▶ THE DATA:

+===+

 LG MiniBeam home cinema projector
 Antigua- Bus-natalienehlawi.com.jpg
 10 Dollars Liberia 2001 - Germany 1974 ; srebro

+===+

▶ WORK REQUEST: Copy out the entire listing above exactly.

▶ YOUR SOLUTION:
 LG MiniBeam home cinema projector
 Antigua- Bus-natalienehlawi.com.jpg
 10 Dollars Liberia 2001 - Germany 1974 ; srebro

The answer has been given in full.